In-universe information
- Alias: White Snake
- Nickname: Lady Bai, Lady White
- Species: Snake
- Gender: Female
- Family: Xiaoqing (sworn sister)
- Spouse: Xu Xian
- Children: Xu Shilin (son)
- Religion: Taoism
- Home: Mount Emei

= Bai Suzhen =

Character in Chinese mythology

Bai Suzhen (白素貞), also known as Lady Bai, is a one-thousand-year-old white snake spirit and the title character of the Legend of the White Snake, one of China's "four great folktales". The legend has been adapted into several Chinese operas, films, television series and other media. In some versions of the legend, Bai Suzhen becomes a goddess; her worshippers refer to her as Madam White Snake.

Bai Suzhen is regarded as a symbol of true love and good-heartedness by the Chinese people.

==Depiction==
Bai Suzhen is often depicted as a white snake with the ability to transform into a beautiful young woman. During earlier depictions of this script – the Tang tale “Li Huang” and the Song “huaben” version Bai Suzhen was shown as a she-demon who was a malevolent seductress. She was seen as a seductress who would hunt down male partners.

In the Ming and Qing version, Bai Suzhen depiction was changed to have a morally good depiction, showing more of a caring side. To which Bai Suzhen’s story became a tale of love.

==Legend==
After one thousand years of disciplined training in Taoism on Mount Emei, the white snake, Bai Suzhen, is transformed into a woman by the essence of the Dragon King of the East China Sea. Despite her inhuman origin, Bai is kindhearted and refuses to abuse her powers for evil, and decides to go out into the human realm and do good deeds to earn her immortality. She is later accepted by the goddess Lishan Laomu as a disciple. While traveling in the human realm, Bai Suzhen comes across a green snake who is being threatened by a beggar. Pitying the green snake, she transforms into a human and rescues the green snake. In gratitude, the green snake pledged to remain by the white snake's side forever and becomes her sworn sister. Bai Suzhen often calls her Xiaoqing (小青) or Qingmei (青妹 (Qīng mèi, [Younger] Sister Green)).
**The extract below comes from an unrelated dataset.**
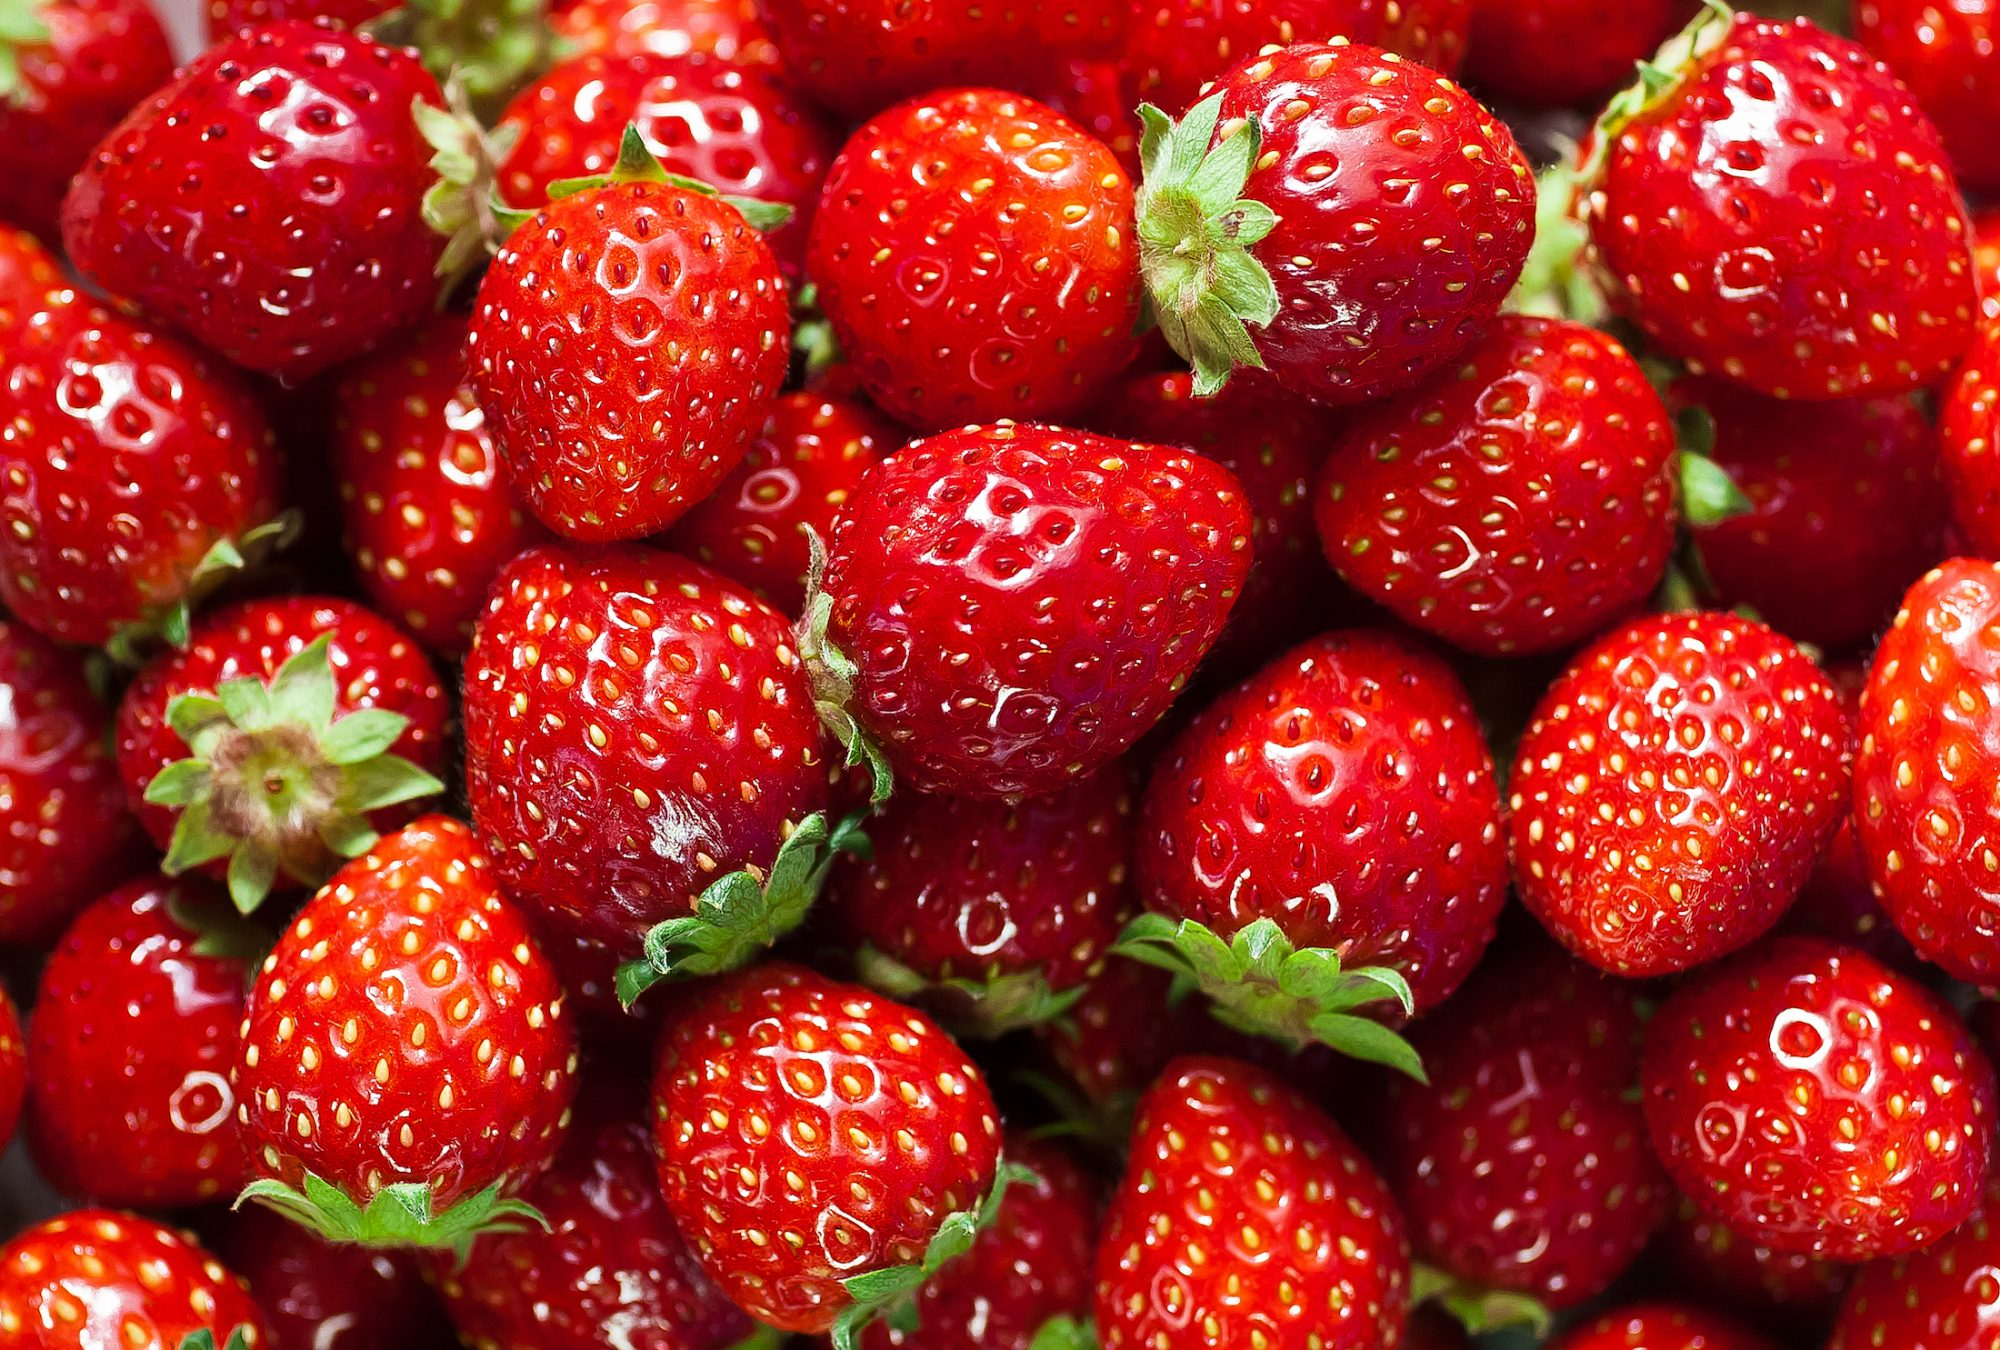 gettystrawberry.jpg

On a visit to West Lake, she falls in love with a young man named Xu Xian and soon becomes his wife. In an alternative version of the story, Bai Suzhen takes on a beautiful woman form to search for Xu Xian, who had saved her life in a past life. She feels indebted to him and wants to repay the favor by helping him in his life. Eventually, however, a Buddhist monk, Abbot Fahai, discovers her true origin and tells Xu Xian that Bai Suzhen is a snake spirit, but Xu Xian is not convinced. After receiving advice from Fahai, Xu Xian convinced Bai Suzhen to drink realgar wine during the Dragon Boat Festival. This caused Bai Suzhen to reveal her true form as a snake, but the sight frightened Xu Xian so much that he died of shock. Distraught and desperate to bring her husband back to life, Bai Suzhen went to Heaven to steal the immortal herb Lingzhi. She succeeded in her mission and used the herb to revive Xu Xian. She continues to compel her to fight for both her marriage and her freedom. Bai Suzhen and Xiaoqing fought against Fahai and flooded the temple with water, hurting other living creatures. At last he tracks down the couple, defeats Bai Suzhen and imprisons her in the imposing Leifeng Pagoda. During her imprisonment, Bai Suzhen gives birth to a son named Xu Shilin. Later, Bai Suzhen's son grew up to be a successful scholar and went to the pagoda to pay respects to his mother, rescuing her and ascending to Heaven.

In one version of the story, Bai Suzhen is transformed into the mount of the goddess Yaotai Laomu after her imprisonment. She continues to accompany Yaotai Laomu for many years as they work to assist all living beings and save the world.

== Worship==
Bai Suzhen is worshipped as a deity in Chinese folk religion, where she is known as Madam White Snake. It is said that she and Xu Xian once practiced Chinese medicine and that believers came to them seeking healing and health advice.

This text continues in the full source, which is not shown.